What often separates the highest-performing organizations from the rest is culture. We view culture as the cumulative effect of what people do and how they do it – and it determines an organization’s performance.
If culture is so vital, then how do you make an organization’s culture as high-performing as possible? No one-size-fits-all formula exists, but our research and experience point to six elements that help organizations do just that.
1. Define behavior changes that unlock business performance: Communicate these behaviors clearly so everyone understands what they look like in practice. This delivers a shared vocabulary to mobilize for change and provides a way to monitor progress in shifting the culture. These behaviors should be tailored to your business needs and context since no two organizations are the same.
2. Uncover root cause mindsets and reframe them: Mindsets people have about what they can and should do drive workplace behaviors. While those attitudes often originate away from work, the workplace has a profound effect on shaping the beliefs and values that underpin how people approach their work. Every cue from how performance reviews are conducted to how meetings are run sends a signal about the “right way” to think and behave. To shift to a new set of behaviors, organizations need to grasp the cues they send and the root cause mindsets they create. Then they can reframe and address those underlying mindsets to achieve new behaviors.
What often separates the highest-performing organizations from the rest is culture.

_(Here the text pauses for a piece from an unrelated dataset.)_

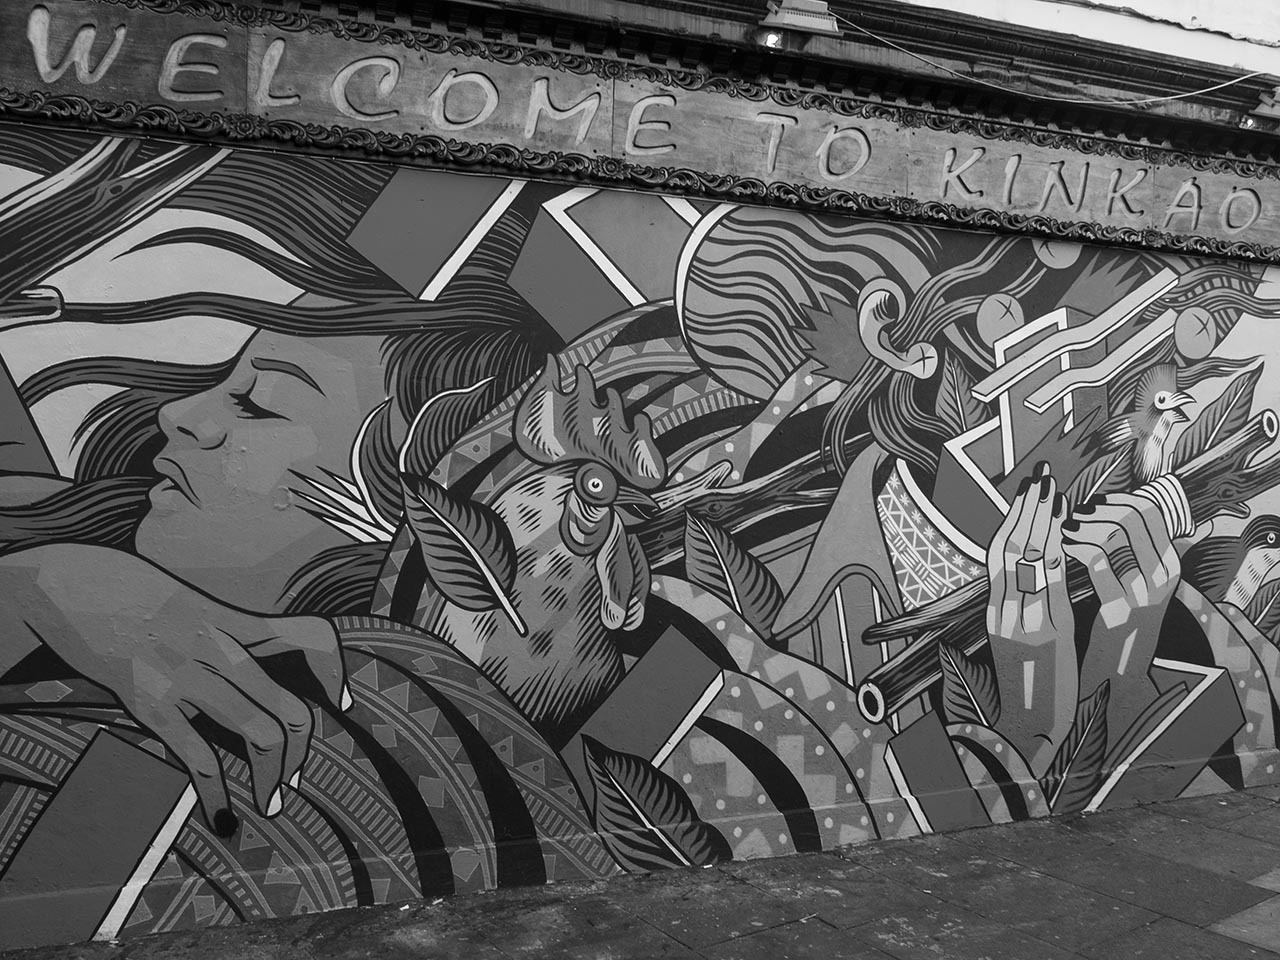 New mural on the side of Kinkao Thai Restaurant, Brick Lane.

3. Engineer major business initiatives to role model and reinforce the desired culture: People take their cues about organizational values from their leaders’ signals. For a culture shift to take hold, spotlight the behaviors and mindsets that deliver the most business value. This becomes self-reinforcing. If the desired behaviors and attitudes deliver value, they generate a magnetic pull within the organization, ensnaring leaders seeking to accelerate the momentum of what’s succeeding.
4. Adjust work to create a coherent employee experience: Four levers shift mindsets and behaviors: articulating a compelling change story; leadership role modeling; skill building; and formal changes to processes, systems, and incentives. Executing a program where each lever works in harmony forms a coherent experience for employees that minimizes confusion and accelerates the transition to a new culture.
5. Produce opportunities for individuals to overcome personal barriers to change: For organizations to change, people must change. But that isn’t easy, since everyone possesses a different level of willingness and ability to change. Design an approach that lets individuals dive deep to recognize what propels their behaviors so they can make conscious choices about how to change them.
6. Lead the journey in rigorous and employee-centric ways: Too often, a call for culture change only moves from the top of an organization down through the ranks. Instead, take an “employee-back” view when designing change efforts.We frequently see culture treated as a side project, without the rigor commensurate with a major business initiative. Our research shows that organizations with higher performing cultures create a 3x return to shareholders. That’s why we urge organizations to treat culture as a top priority. It is one of the most essential drivers of business performance.